Brouwer's Theorem in the free topos? In Introduction to Higher-Order Categorical Logic, Lambek & Scott remark that Brouwer's Theorem (all functions $\mathbb{R}\to\mathbb{R}$ are continuous) holds in the free topos $\mathcal{T}$.
EDIT: L&S do not say that it holds in the free topos, they are incorrectly quoted as saying this in the nLab.
Let me present a naïve syllogism which is bothering me:


*

*The free topos is the initial object in the category of toposes & logical morphisms / nLab

*Logical morphisms preserve truth of sentences in the internal language of toposes. / nLab

*Brouwer's theorem is false in the topos of sets $\mathbf{Set}$.

*By (1) there is a logical morphism $\mathcal{T}\to\mathbf{Set}$ whence by (2) Brouwer's theorem should hold in $\mathbf{Set}$, which is not the case.

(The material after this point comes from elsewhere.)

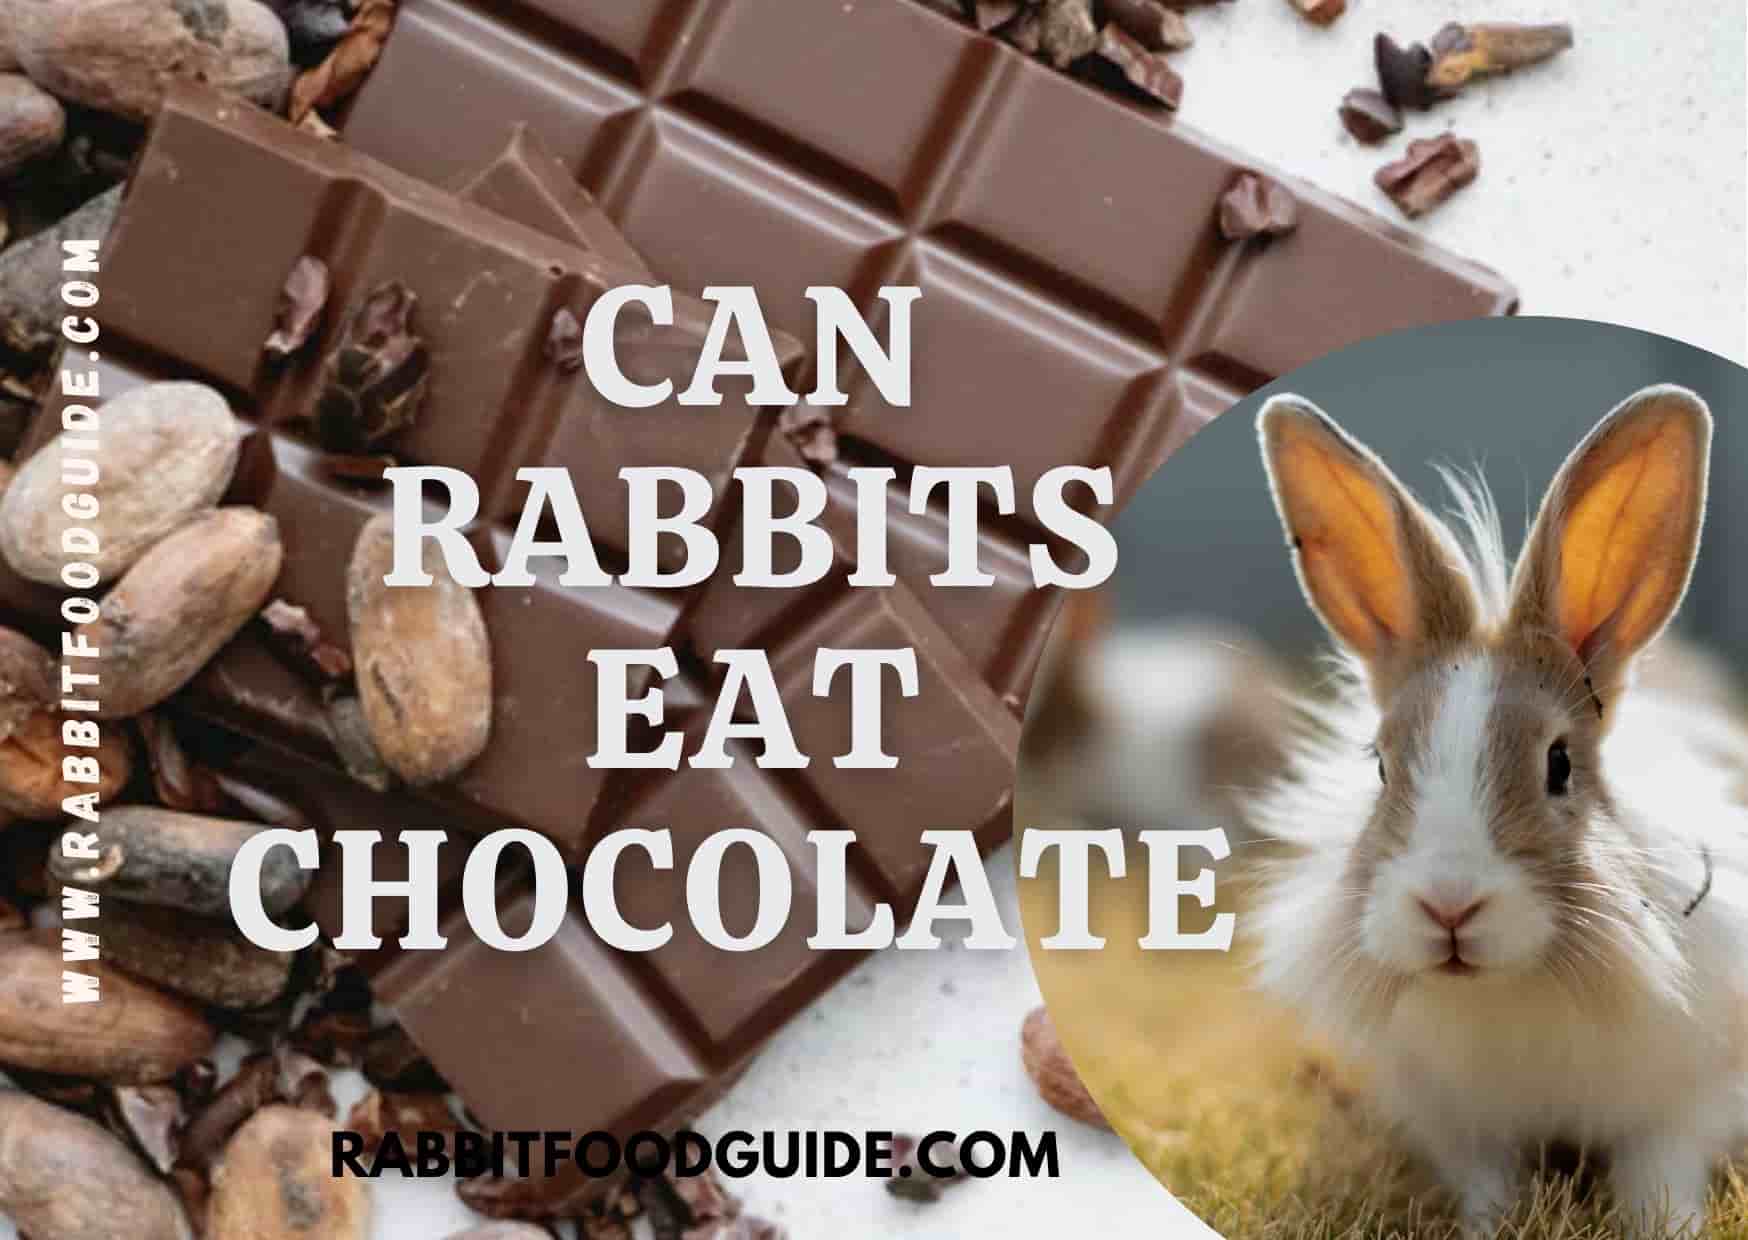 can rabbits eat chocolate?

Therefore, I think I have misinterpreted something. Is the claimed theorem (attributed to Joyal by Lambek & Scott) really that Brouwer's Theorem holds internally to $\mathcal{T}$ (i.e. as a statement in the internal language of $\mathcal{T}$)?
Or could it be that it holds externally of the functions defined in $\mathcal{T}$ or something? The latter case sounds plausible, because we can certainly show that the definable functions in extensional type theory are continuous, but we cannot do this internally for certain important reasons (I believe Beeson's Foundations of Constructive Mathematics explains why—later, Escardó and Xu have established this also for intensional type theory).
Thanks to anyone who can help demystify this for me.
 A: Dear All:  you must be precise on what you mean by Brouwer's theorem. The free topos is closed under many rules, but unlike the realizability topos, it is seldom closed under the internal implicative statement. Thus the free topos is closed under Church's rule (see the original paper by Lambek and me, Intuitionist type theory and the free topos, JPAA 19 (1980) doi:10.1016/0022-4049(80)90102-4), but obviously not the internal Church's theorem.  The statement about Brouwer's principle (an original beautiful sketch of a proof, due to Joyal, but never published)  is in LS, p. viii (Introduction).  Here is the version you would want:  using an appropriate version of the reals, if $\vdash f\colon \mathbb{R}\to \mathbb{R}$  (is provable in higher order int. logic) then     $\vdash$ "$f$ is continuous".  And, by the way, of course this is formalizable in the internal logic. For a reasonable proof, similar continuity rules were formalized and proved by Susumu Hayashi for second order logics and type theories in the 1970's. There are some versions of this also in Troelstra's Metamathematical Investigation of Intuitionistic Arithmetic and Analysis SLNM 344 (doi:10.1007/BFb0066739) (the "bible" of such formalizations).  Phil Scott
A: To summarize, the Lambek and Scott book actually says that functions on the reals in the free topos represent continuous functions. The nLab previously made the stronger claim that Brouwer's Theorem holds in the free topos (which is not the case for the reasons I described), but I have edited the page appropriately.